Xenda'ths: Class and Social Strata


Bobos in Paradise: The New Upper Class and How They Got There

Have you ever wondered what happened to the Hippies? How about why our society seems more tolerant than ever & yet still so restrictive? How about the manner in which nothing is truly transgressive anymore? This book will answer all this and more. The Bohemians of the 1960s, the Hippy, displaced the Bourgeois and took their place.

Profiles two formerly mutually exclusive groups of people -- the business-driven bourgeois and the intellectually driven artistic bohemians -- noting how in the last decade they have merged to create a single social ethos.


Class: A Guide through the American Status System

While some of the topical indicators discussed may seem dated, the key to understanding social class indicators in the United States is given in this book. Highly recommended as an introduction to understanding Social Class, and for introducing the concept of Prole Drift

In Class Paul Fussell explodes the sacred American myth of social equality with eagle-eyed irreverence and iconoclastic wit. This bestselling, superbly researched, exquisitely observed guide to the signs, symbols, and customs of the American class system is always outrageously on the mark as Fussell shows us how our status is revealed by everything we do, say, and own. He describes the houses, objects, artifacts, speech, clothing styles, and intellectual proclivities of American classes from the top to the bottom and everybody -- you'll surely recognize yourself -- in between. Class is guaranteed to amuse and infuriate, whether your class is so high it's out of sight (literally) or you are, alas, a sinking victim of prole drift.
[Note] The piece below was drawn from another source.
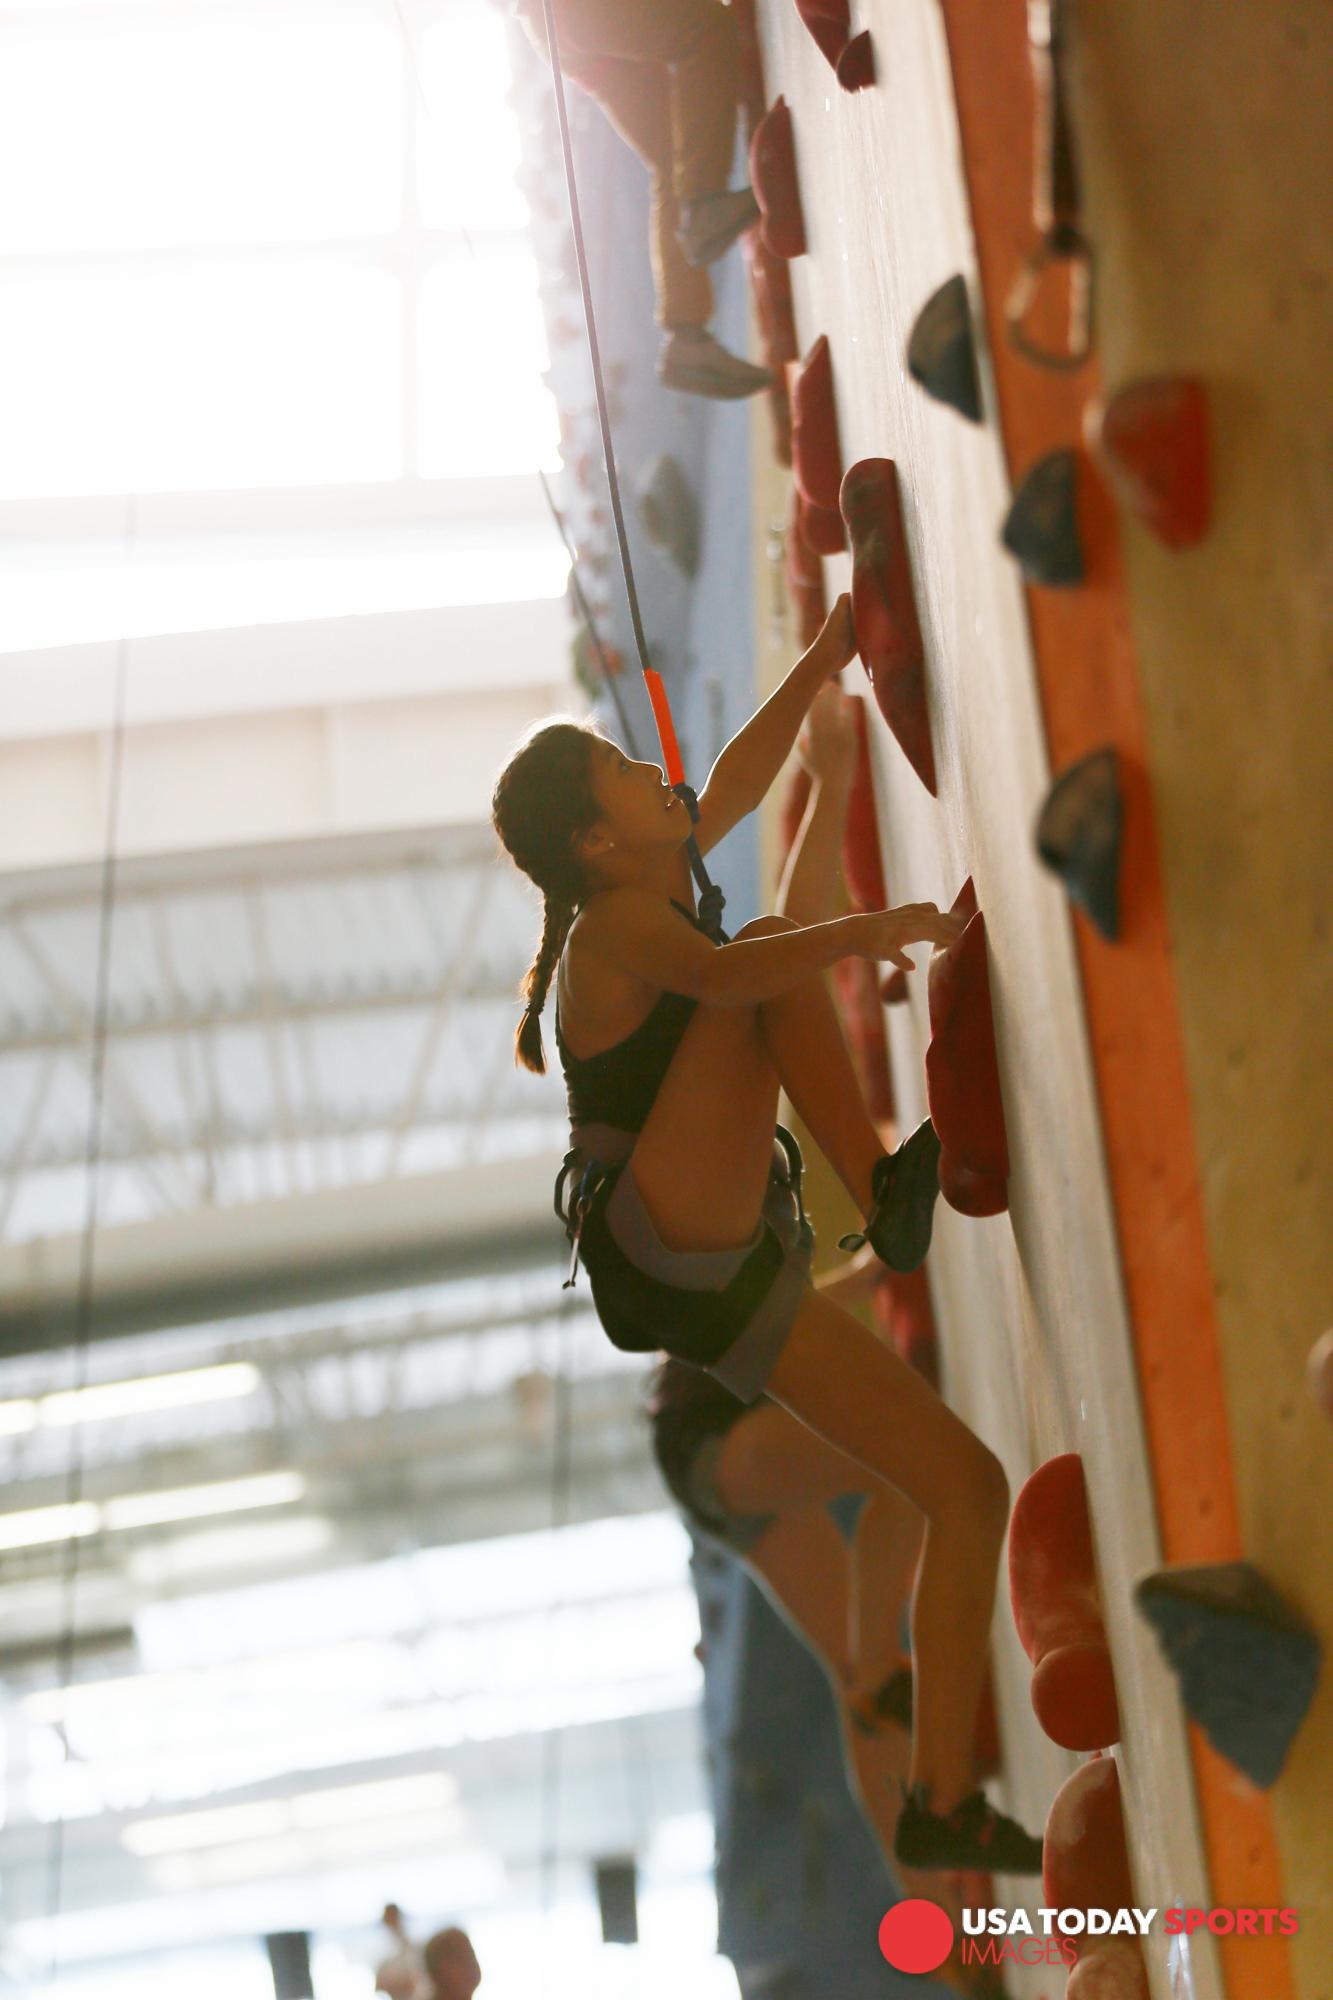 Garrett_Reid_atlanta_advertising_commercial_photographer_sport_and_speed_youth_national_chap_climbing-2.jpg

Nation of Rebels: Why Counter Culture Became Consumer Culture

Yet another insightful and illuminitive tome. This work ties in with Bobos listed above. In it we learn of the transition from Class Aesthetics to a mercantile Cool Aesthetics. Think your dress, make-up, style, music or any other commodity is intrinsicly transgressive? Do you feel that if only enough people dropped acid and listened to Led Zepplin (or even NeoFolk), enough people would wake up and the world would move on to a new phase of utopian harmony? This book exposes the myth of the counter-culture and how it is nothing more than the Loyal Opposition

As the counterculture hippies evolved into yuppies and traded their Volkswagen Beetles in for gas-guzzling SUVs, they were not selling out; they were merely following the natural path laid out for them by the core assumptions of the counterculture. So argue Heath (philosophy, U. of Toronto, Canada) and Potter (philosophy, Trent U., Canada) in this work of cultural criticism that attacks the theory of society they believe underlie countercultural ideas. Ideas about the psychological oppression of the individual by organized society articulated by figures like Herbert Marcuse, the "society of the spectacle" decried by the French situationists, and others identified by the authors as part of the counterculture milieu are criticized and blamed for devolving into empty protest that ironically may serve to undermine efforts toward greater justice for exploited groups.